── SUPPLIED MATERIAL ──

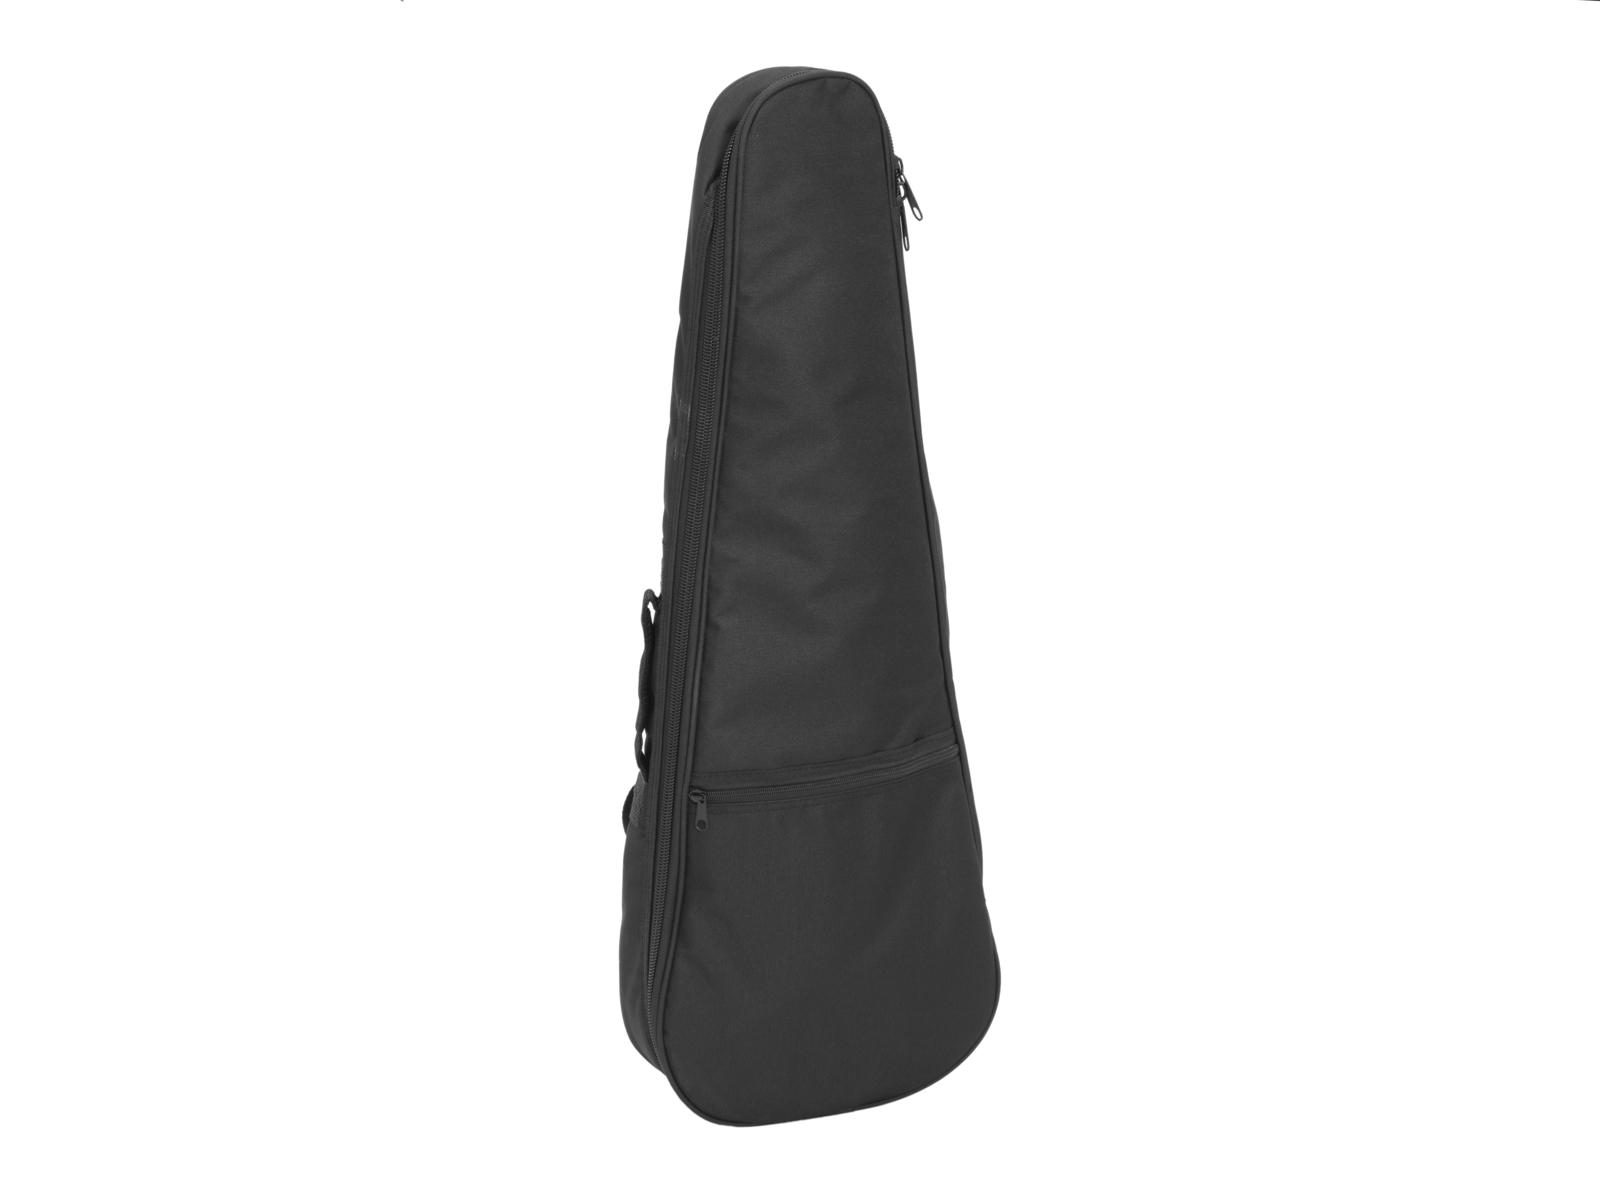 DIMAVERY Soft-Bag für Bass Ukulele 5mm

───
── SUPPLIED MATERIAL ──

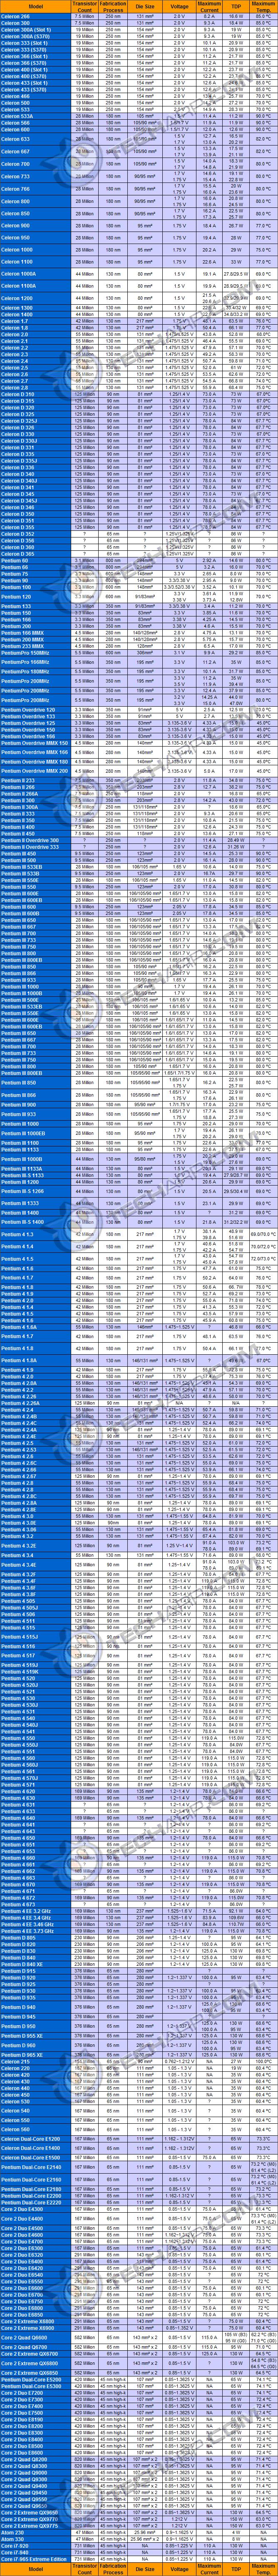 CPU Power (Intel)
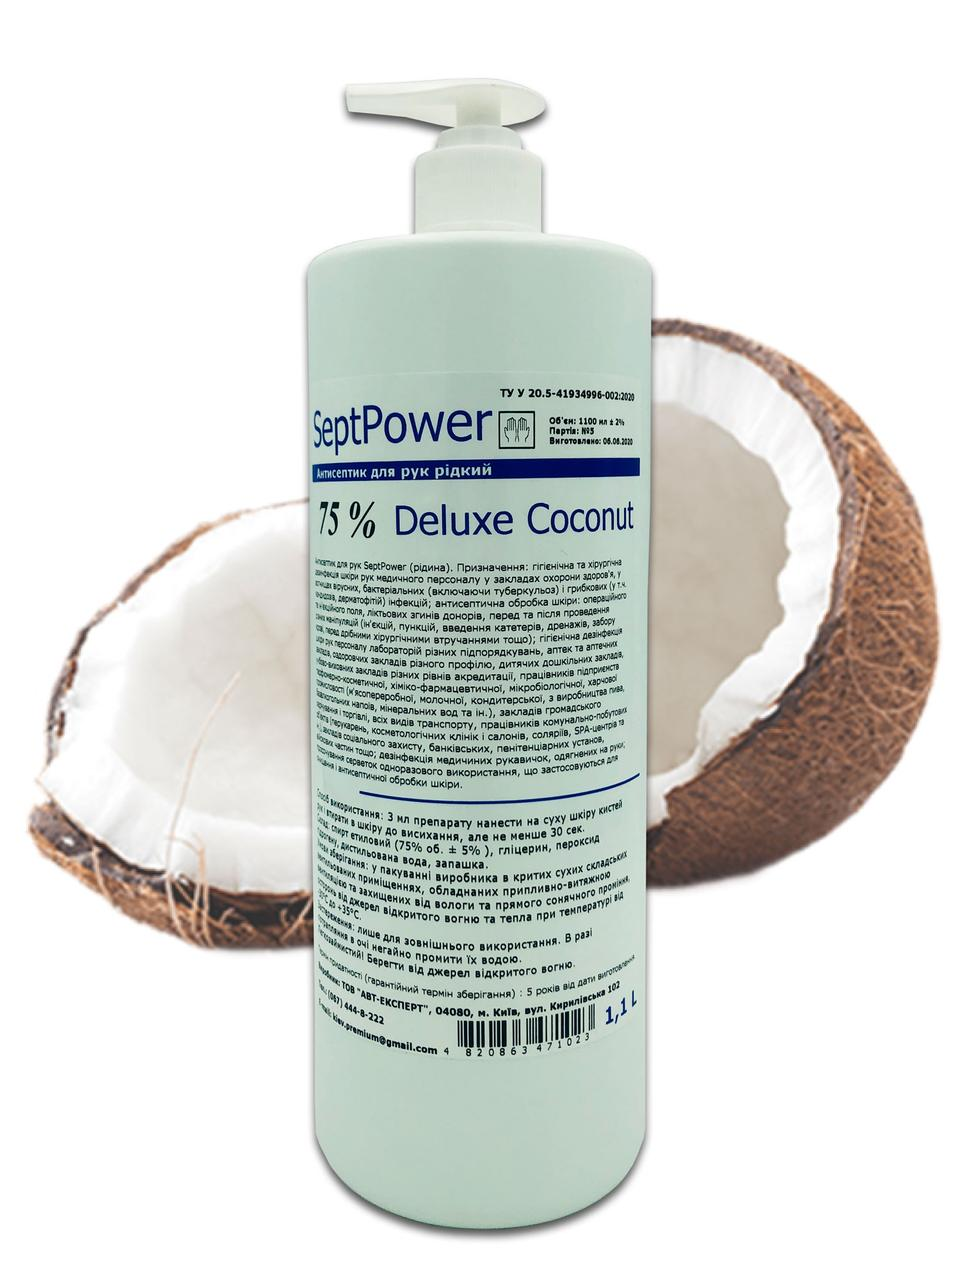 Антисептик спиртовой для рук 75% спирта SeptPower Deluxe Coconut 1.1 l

───

• **REQUIRED ACTION**
After locating "CPU Power (Intel)" and "Антисептик спиртовой для" in the records above, return exactly the line holding each one and every line between them; leave out the pictures.

• **EXERCISE RESPONSE**
 CPU Power (Intel)
 Антисептик спиртовой для рук 75% спирта SeptPower Deluxe Coconut 1.1 l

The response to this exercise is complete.